Items from a data source:
=======

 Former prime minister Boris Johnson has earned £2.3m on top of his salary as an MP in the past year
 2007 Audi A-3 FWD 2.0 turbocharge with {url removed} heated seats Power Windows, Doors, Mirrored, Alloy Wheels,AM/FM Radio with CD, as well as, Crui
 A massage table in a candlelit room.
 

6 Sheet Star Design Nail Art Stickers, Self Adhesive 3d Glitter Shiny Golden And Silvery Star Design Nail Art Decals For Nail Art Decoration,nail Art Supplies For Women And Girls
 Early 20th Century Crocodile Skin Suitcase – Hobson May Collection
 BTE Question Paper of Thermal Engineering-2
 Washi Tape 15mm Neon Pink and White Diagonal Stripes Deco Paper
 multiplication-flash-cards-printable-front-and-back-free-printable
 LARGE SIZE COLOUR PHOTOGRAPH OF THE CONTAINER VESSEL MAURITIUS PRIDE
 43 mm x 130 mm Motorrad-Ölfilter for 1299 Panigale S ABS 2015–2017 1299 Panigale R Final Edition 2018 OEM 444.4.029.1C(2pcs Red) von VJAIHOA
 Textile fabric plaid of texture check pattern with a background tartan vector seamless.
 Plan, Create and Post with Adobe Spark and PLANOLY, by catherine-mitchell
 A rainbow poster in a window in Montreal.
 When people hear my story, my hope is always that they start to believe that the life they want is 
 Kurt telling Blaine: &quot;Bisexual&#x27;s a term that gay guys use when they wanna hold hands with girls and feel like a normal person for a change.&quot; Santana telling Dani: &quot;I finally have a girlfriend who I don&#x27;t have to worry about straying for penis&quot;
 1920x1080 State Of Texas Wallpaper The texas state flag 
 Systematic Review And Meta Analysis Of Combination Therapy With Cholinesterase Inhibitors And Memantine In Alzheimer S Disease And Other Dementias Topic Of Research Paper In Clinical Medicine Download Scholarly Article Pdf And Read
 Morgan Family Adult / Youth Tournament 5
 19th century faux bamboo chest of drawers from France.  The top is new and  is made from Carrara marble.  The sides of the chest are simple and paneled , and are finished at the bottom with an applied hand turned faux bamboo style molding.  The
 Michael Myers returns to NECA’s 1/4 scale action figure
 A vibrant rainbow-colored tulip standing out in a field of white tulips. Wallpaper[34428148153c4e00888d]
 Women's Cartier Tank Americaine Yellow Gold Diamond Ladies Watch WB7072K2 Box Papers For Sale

=======

# YOUR OBJECTIVE
Set down, exactly as they appear, the line holding "Michael Myers returns" and every line after it until the records end.

# SOLUTION TO THE EXERCISE
 Michael Myers returns to NECA’s 1/4 scale action figure
 A vibrant rainbow-colored tulip standing out in a field of white tulips. Wallpaper[34428148153c4e00888d]
 Women's Cartier Tank Americaine Yellow Gold Diamond Ladies Watch WB7072K2 Box Papers For Sale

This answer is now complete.